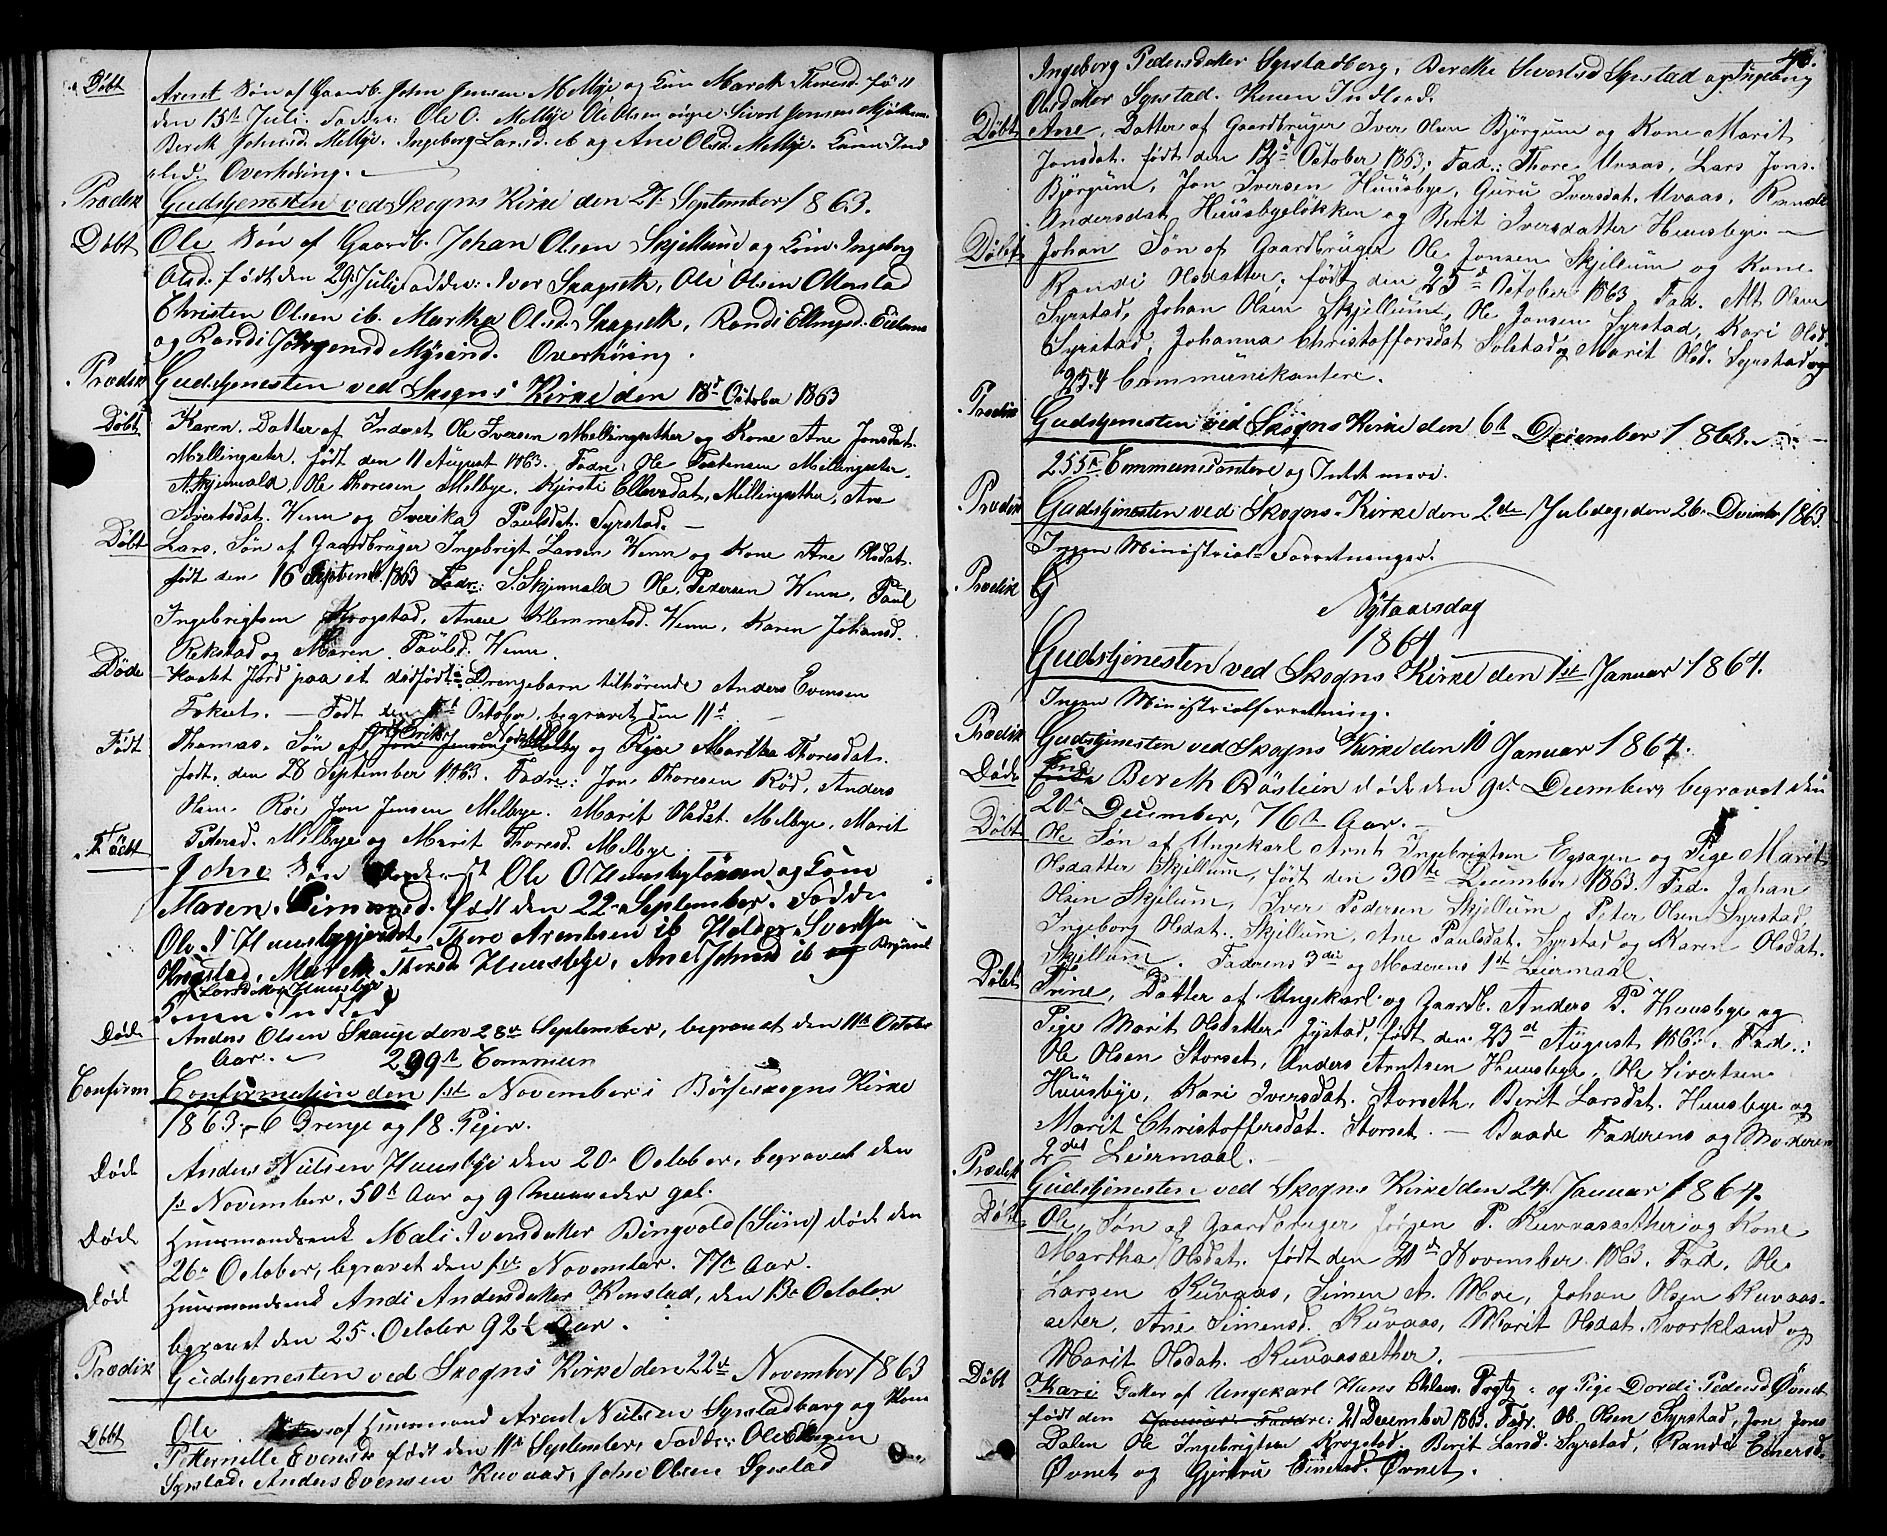 SAT, Ministerialprotokoller, klokkerbøker og fødselsregistre - Sør-Trøndelag, 667/L0797: Klokkerbok nr. 667C02, 1849-1867, s. 46
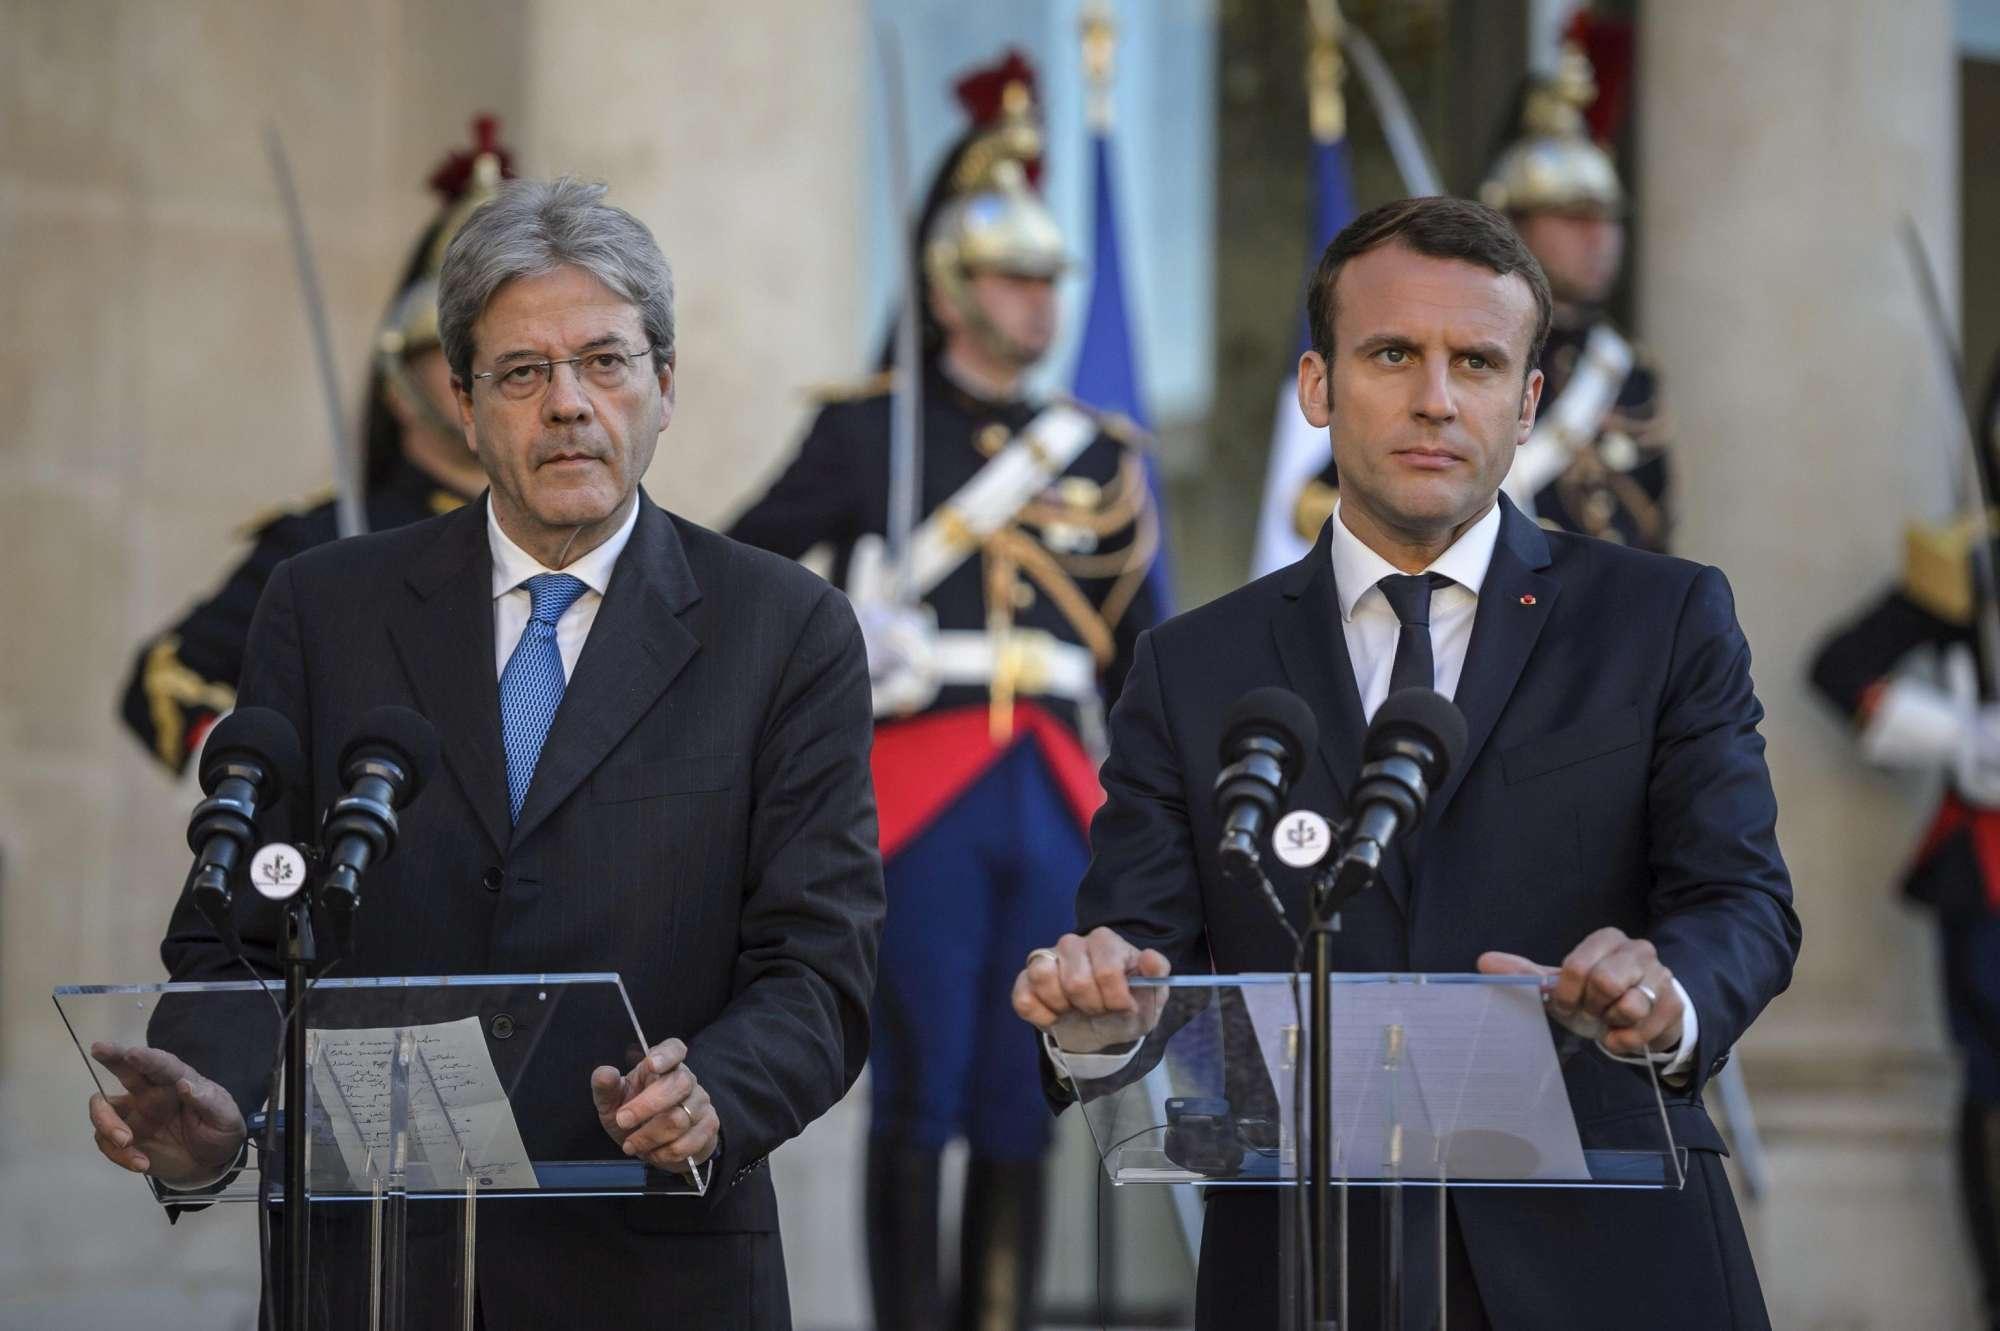 Risultati immagini per Macron e Gentiloni immagini
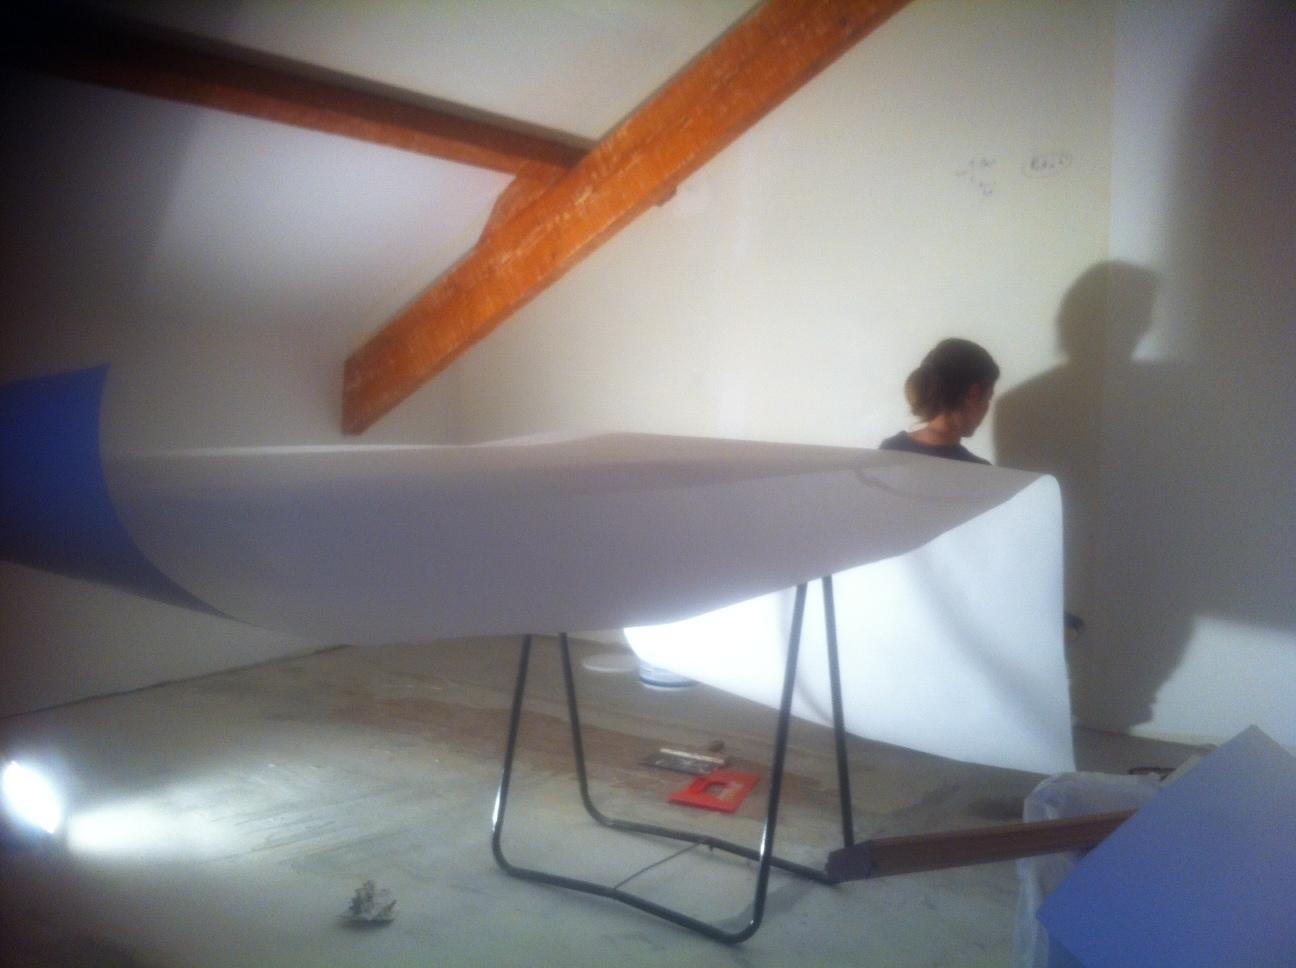 Poser du papier peint au plafond Fiche pratique - Poser Du Papier Peint Au Plafond

■ **Assignment**
Give the listing again word for word. Skip every image.

■ **Task response**
 SAT, Ministerialprotokoller, klokkerbøker og fødselsregistre - Sør-Trøndelag, 667/L0797: Klokkerbok nr. 667C02, 1849-1867, s. 46
 Risultati immagini per Macron e Gentiloni immagini
 Poser du papier peint au plafond Fiche pratique - Poser Du Papier Peint Au Plafond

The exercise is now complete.